Jaroslaw Cwiklik wrote:
Jorn, are there any messages in the service log that say that the client is
in the DoNotProcess List indicating a connection failure to the reply queue?
No, there are two log messages (damn, its still in info log level mode,
will change that)
at around the time the system failed:
1/29/10 3:09:40 AM - 16:
org.apache.uima.aae.handler.input.ProcessRequestHandler_impl.handleProcessRequestFromRemoteClient:
INFO: Duplicate Request With Cas Reference Id: 2d0e21bb:12664a22384:7eac
Received. Ignoring Duplicate.
1/29/10 3:36:45 AM - 23:
org.apache.uima.adapter.jms.activemq.JmsOutputChannel$ConnectionTimer.startTimer:
INFO: Inactivity Timer Expired. Thread: Controller:SearchEngine:Reply
TimerThread-:ID:dkcphlinh1master-49059-1264408732600-0:0:1:14749726442764009
Controller: SearchEngine Timeout Value: 1,800,000 Endpoint Name:
ID:dkcphlinh1master-49059-1264408732600-0:0:1(last message in the log file)
The Duplicate Request message has been a few times in the log file on
other days.
If this is not the case, can you confirm that there are messages in the
service queue indicating that the service is hung somewhere.
Yes there are messages in the service queue.
Maybe the hang issue from for a few days and the one today
have different reasons.
I kind of believe that the process method in my last AE after the CM
blocked.
Add the end of the AE.process method it calls two web service methods,
the first
to save analysis results, and the second to mark the article as processed.

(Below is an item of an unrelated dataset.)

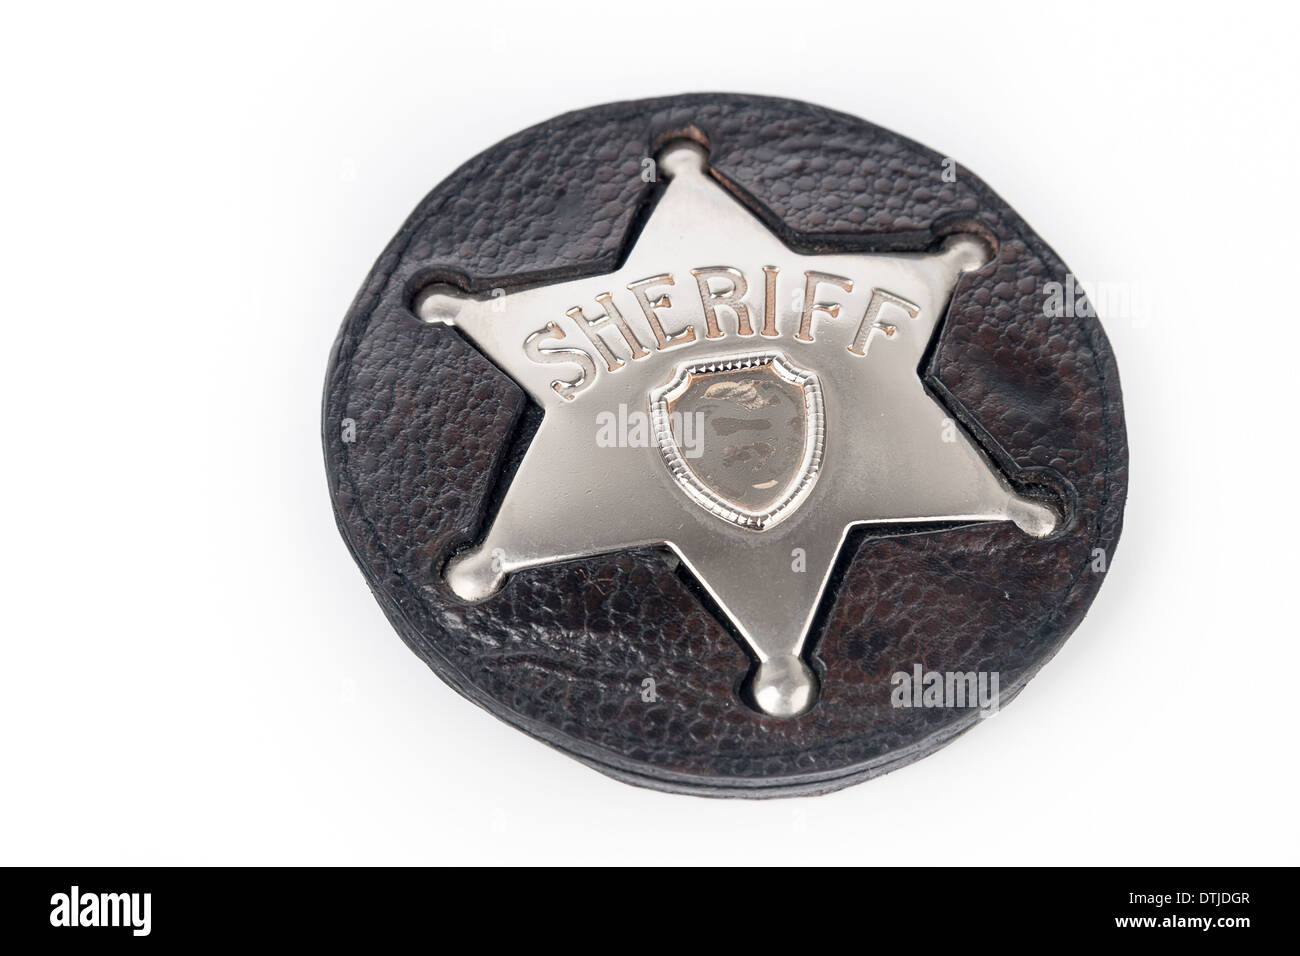 Sheriff's badge isolated on white background Stock Photo

In our database we could see that the first was called and the second
method was never called,
but there was also no exception in the log files, which might indicated that
the process method just blocked at the end. There is no way to escape the
process method without throwing an exception or finishing the call, we
never received.
I hope I can provide you with more data when it happens again, so we can
find the cause.
I will set timeouts on my web service calls, to make sure a blocked
process method is not
the reason for the hang. Maybe there is also a timeout I can set for the
process method.
From the hang from a few days ago I have a core dump, but I am not sure
how I can
find out where all the CASes are ... in the stack traces I can see that
its trying to get
an empty cas in the CM.next() method but it seems like that its waiting
for new CASes to
become available.
Jörn